LLMs need to interact with external services and data. The first-generation solution was to create rigid, imperative "tools", functions with fixed parameters. But that solution created its own problem; a fragmented ecosystem of incompatible tool definitions across Langchain, OpenAI function calling, Anthropic tools, and so on.
MCP addressed this fragmentation by providing a standard protocol. But the architecture involves multiple layers: the LLM calls a tool wrapper, which talks through the MCP protocol to an MCP server, which translates to an API call, which finally reaches the API. Information flows back through the same chain.
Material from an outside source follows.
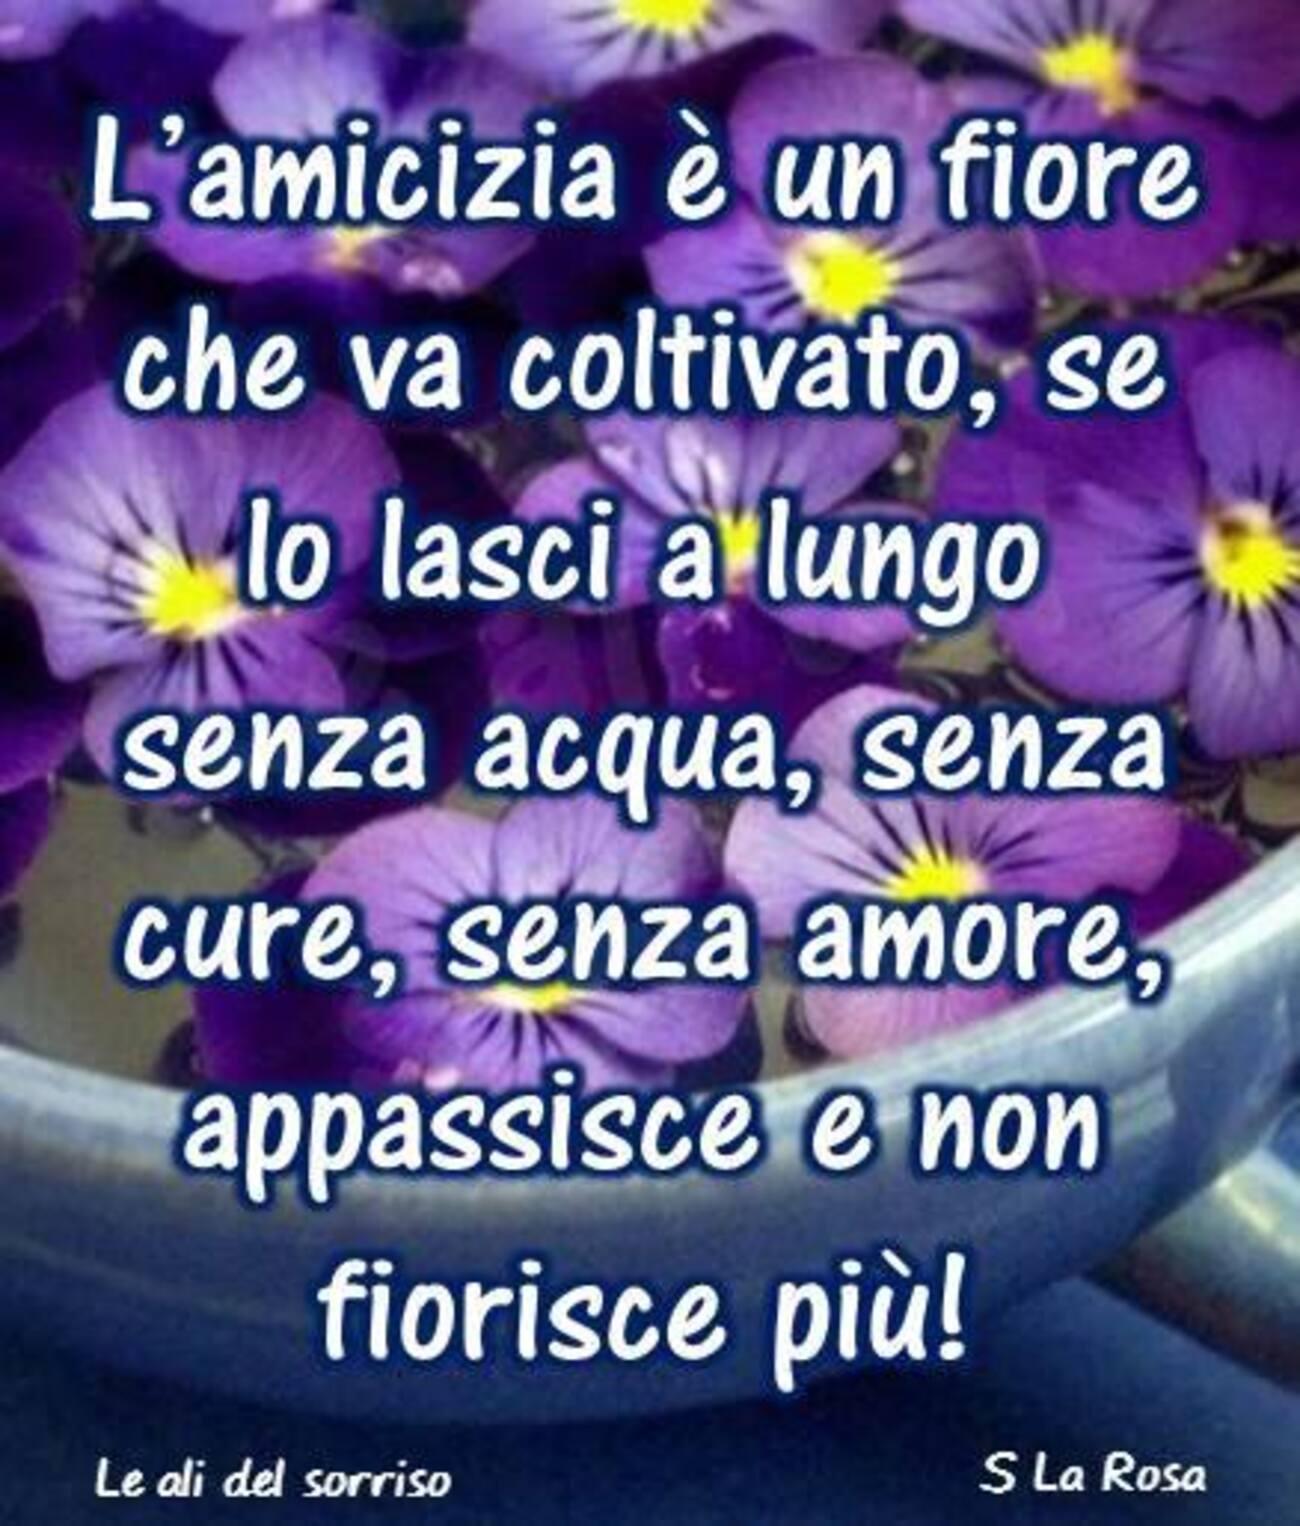 L'amicizia è un fiore che va coltivato, se lo lasci a lungo senz'acqua, senza cure, senza amore, appassisce e non fiorisce più!
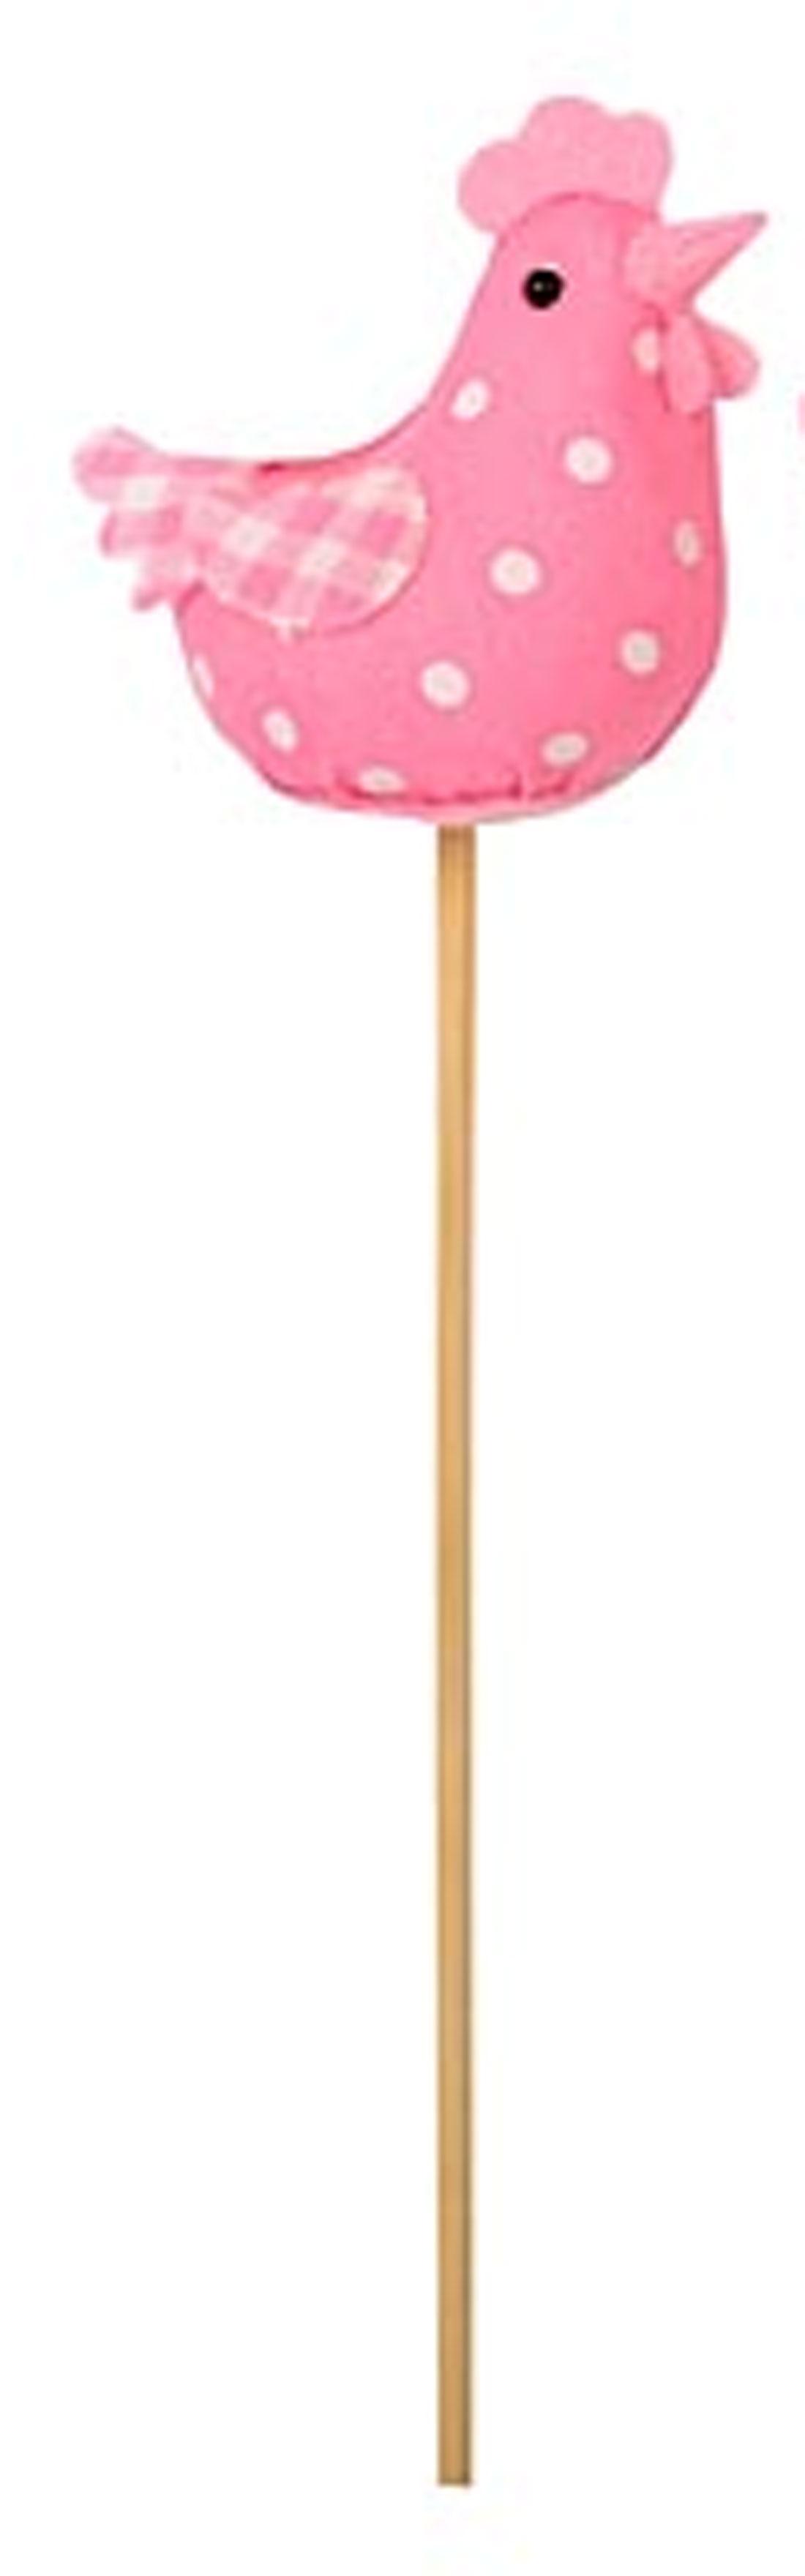 Декоративное пасхальное украшение на ножке Home Queen Петушок, рисунок: горох, высота 25 см64399_1Украшение пасхальное Home Queen Петушок изготовлено из высококачественного пластика и полиэстера и предназначено для украшения праздничного стола. Изделие выполнено в виде петушка на деревянной шпажке и декорировано принтом горох. Такое украшение прекрасно дополнит подарок для друзей и близких на Пасху. Высота: 25 см. Размер фигурки: 5,5 см х 2,5 см х 5 см.

MCP solved interoperability, but are we standardizing the wrong layer?
APIs are already declarative interfaces. OpenAPI specs tell you what endpoints exist, what they accept, what they return, authentication requirements, rate limits, and schemas. The LLM should be able to read the OpenAPI spec, construct HTTP requests, and call the API directly.
Tool overload degrades LLM reasoning
Context windows are limited. Not just in their max windows of 128k or 1M tokens, but the window in which they're most effective. This is often around ~8-12k tokens, but it degrades at different rates per model beyond that. Attention then is a scarce, and precious resource.
Context rot and long context need-in-a-haystack studies show that as context length increases, the model's reasoning capability decreases, exceptionally so in the presence of distractors. When information similar to the needle is co-present, the quality of the output decreases even more than simple bloat. And that's essentially what we're doing by providing similar tool schemas all at once with every request. Some of my basic research on this effect in tools demonstrates how semantic crowding from similar tool definitions degrades both selection accuracy and reasoning quality.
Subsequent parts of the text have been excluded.